Personal and professional values that form the basis for the assessment of professional behaviour differ according to culture, which makes the pre-existing concept difficult to apply to students with non-Western backgrounds. Differences of opinion about unprofessional behaviour, based on different cultural values, can lead to friction about actual behaviours in the workplace. Participants see such differences as difficult to overcome, since a student will not easily change internalized values originating from his or her upbringing. Especially the descriptions of behaviours do not seem to be applicable to non-Western students according to the experts.
In Table 1 the ten final ideas from the NGT-process are illustrated with quotes from the expert panel meetings.
Development of the final model
We incorporated the ten ideas to improve the profiles and the variables that distinguish between the profiles in the pre-existing concept, paying close attention to the results of the thematic analysis of the transcripts.

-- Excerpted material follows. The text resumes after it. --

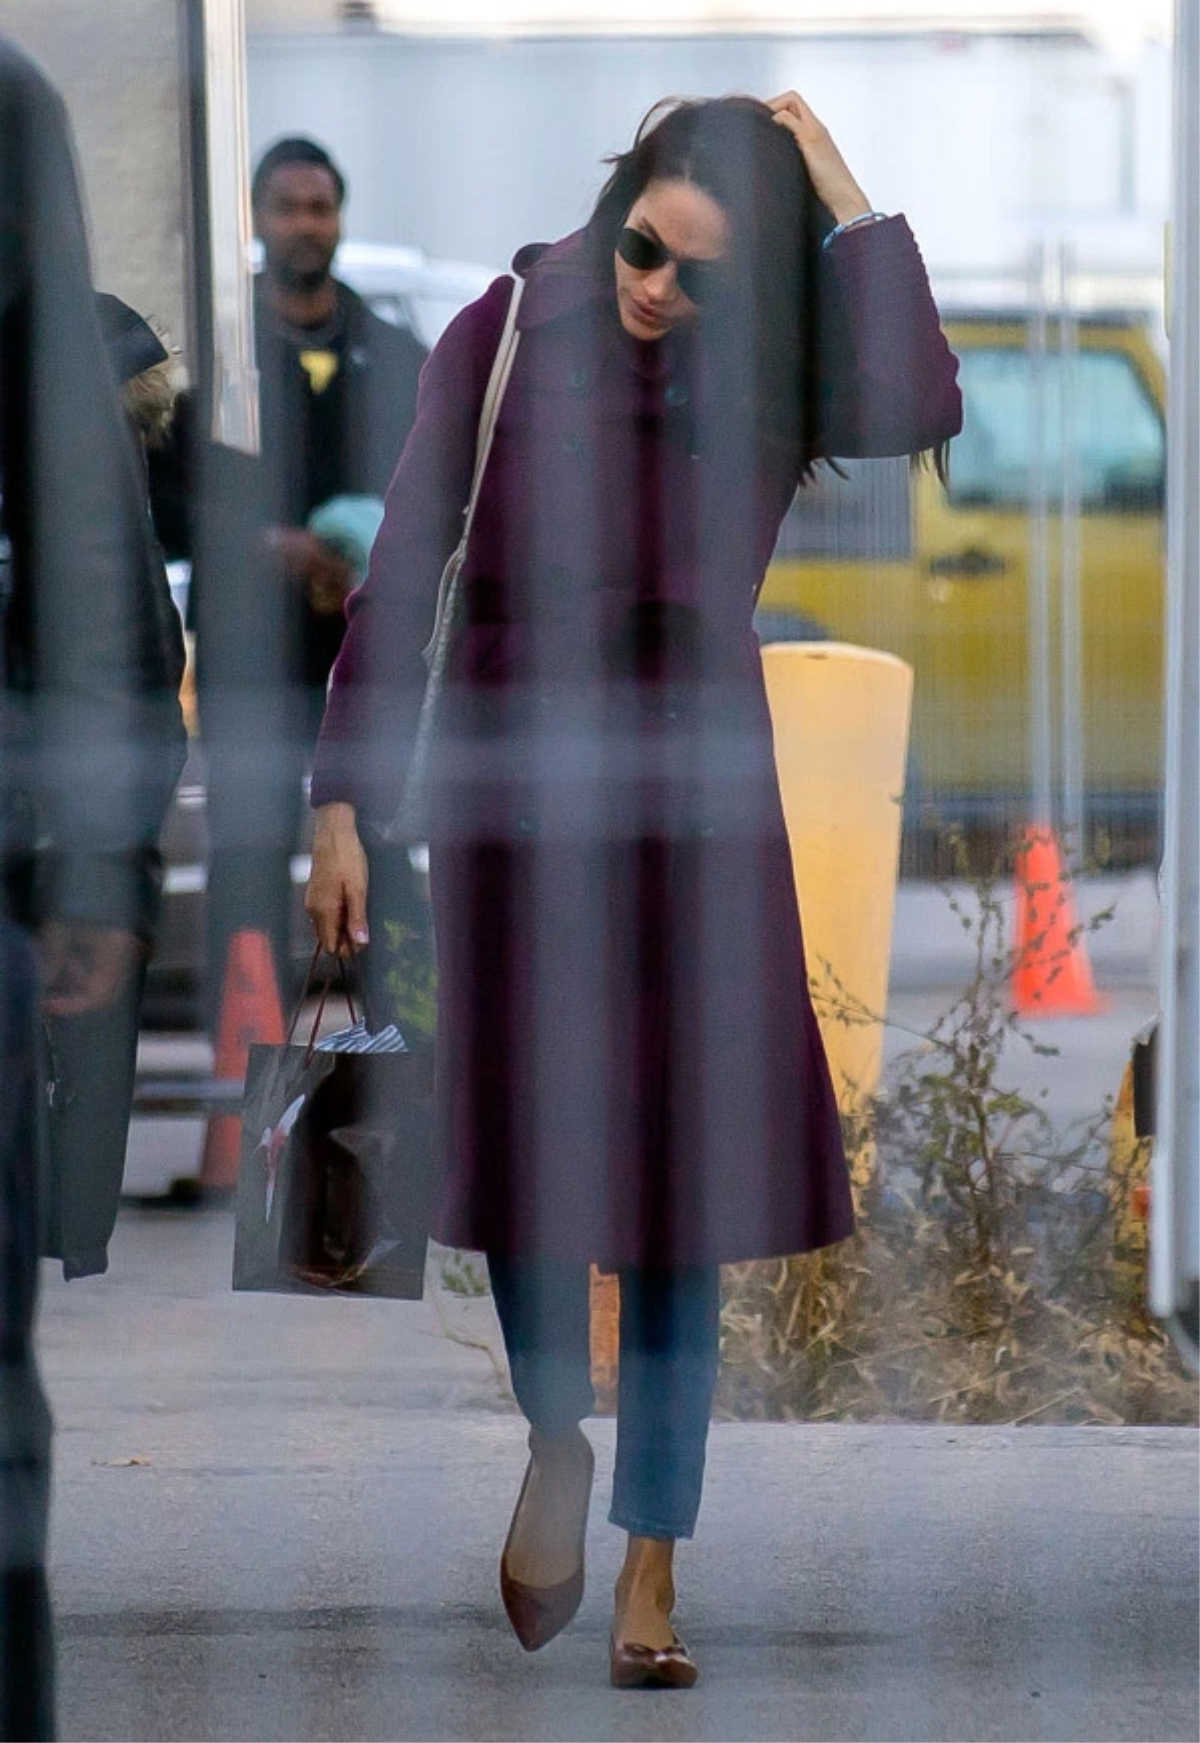 Meghan Steps out on Set of Suits - Meghan's Mirror

These amendments are described in Table 2.
The highest ranked idea from the expert panel meetings was that reflectiveness and adaptability are two distinct distinguishing variables. This prompted us to devise a two-dimensional model of four profiles distinguished by two variables (see Fig. 3). The pre-existing profile no reliability is seen by our participants as normal behaviour, reflecting that unprofessional behaviour can accidentally happen. It is important that the student acknowledges the unprofessional behaviour, and demonstrates that he or she can learn from it. This profile is thus described as accidental behaviour in the final model. The pre-existing profile no reliability, no insight has been divided in two separate profiles. On the one hand, students’ behaviour that indicates a student’s insight without the possibility to adapt, in the final model described as struggling behaviour. On the other hand, students’ behaviour that show improvement, despite lacking insight, in the final model described as gaming-the-system behaviour. The pre-existing profile no reliability, no insight and no adaptability, describing a student displaying unprofessional behaviour without showing reflectiveness or adaptability over time, has not been changed. In the final model this profile is described as disavowing behaviour.

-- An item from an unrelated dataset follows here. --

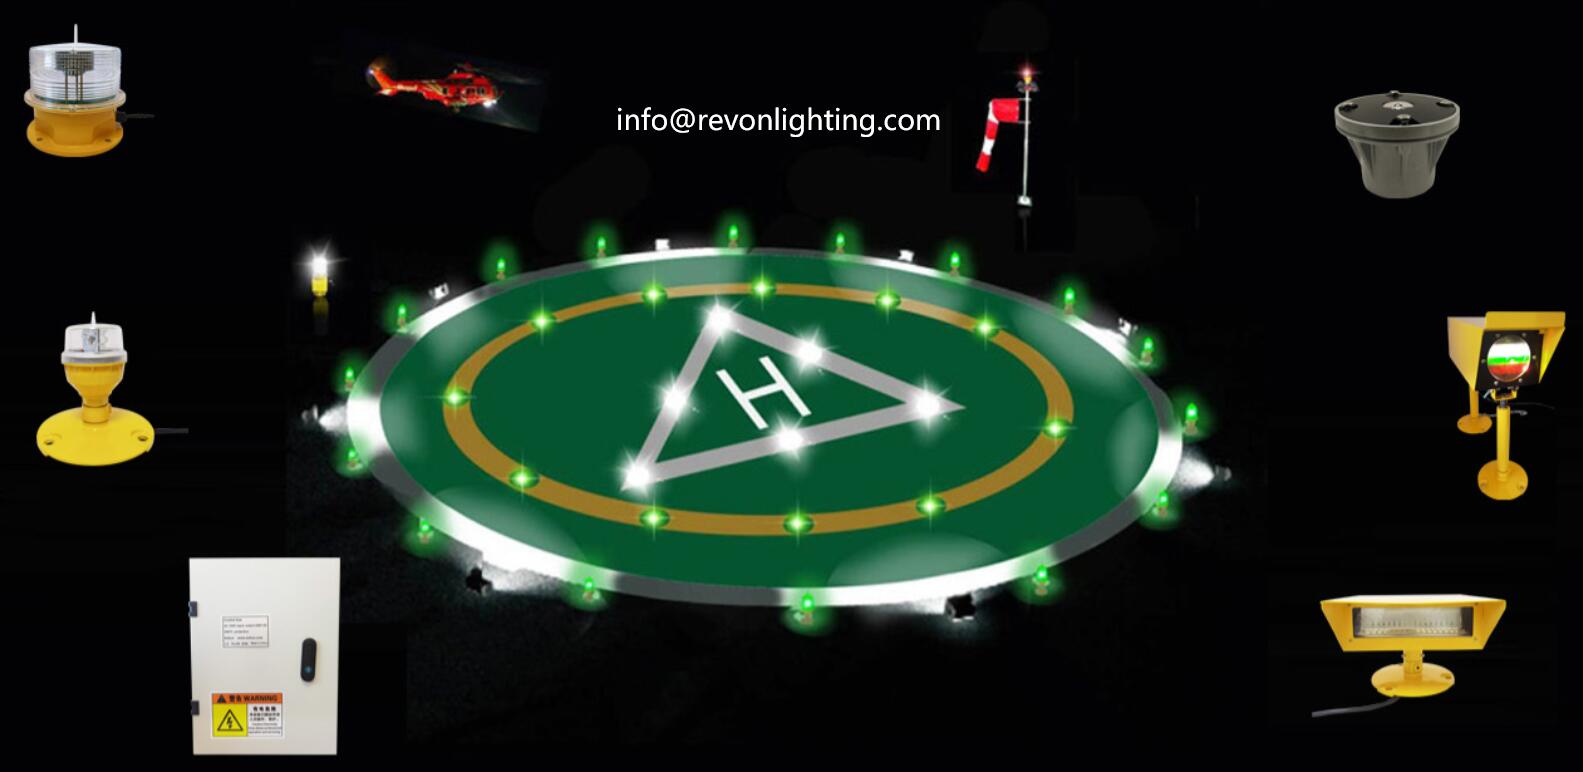 Helipad Lighting Suppliers: Illuminating Safe and Efficient Airborne Operations

In the expert panel meetings attention has been given to causes for unprofessional behaviour. These ideas were among the lower ranked ideas to improve the pre-existing concept. The revised model does not depict these causes, as they can be equally relevant for any of the profiles.

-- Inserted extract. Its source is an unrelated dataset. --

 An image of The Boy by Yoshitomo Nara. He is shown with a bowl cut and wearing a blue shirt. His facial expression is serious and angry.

Validation of the results by member checking
After establishing all results, a draft of the results section of the manuscript was sent to the 31 participants of the study. They were asked to individually review the draft, and specially pay attention to Fig. 3. Three participants had left their institution and could not be reached anymore. One participant was not able to review the manuscript due to time constraints. Twenty-five participants returned the email. All but one of them validated the revised model as depicted in Fig. 3. Twenty of them delivered additional remarks on the draft of the result section. These remarks featured (1) the way of indicating that the profiles are dynamic, (2) the interdependency of reflectiveness and adaptability, and (3) the text of the result section. All remarks were discussed in the full research team. Based on this discussion we decided not to alter Fig. 3. However, we incorporated the experts’ remarks in the results and discussion sections of the manuscript.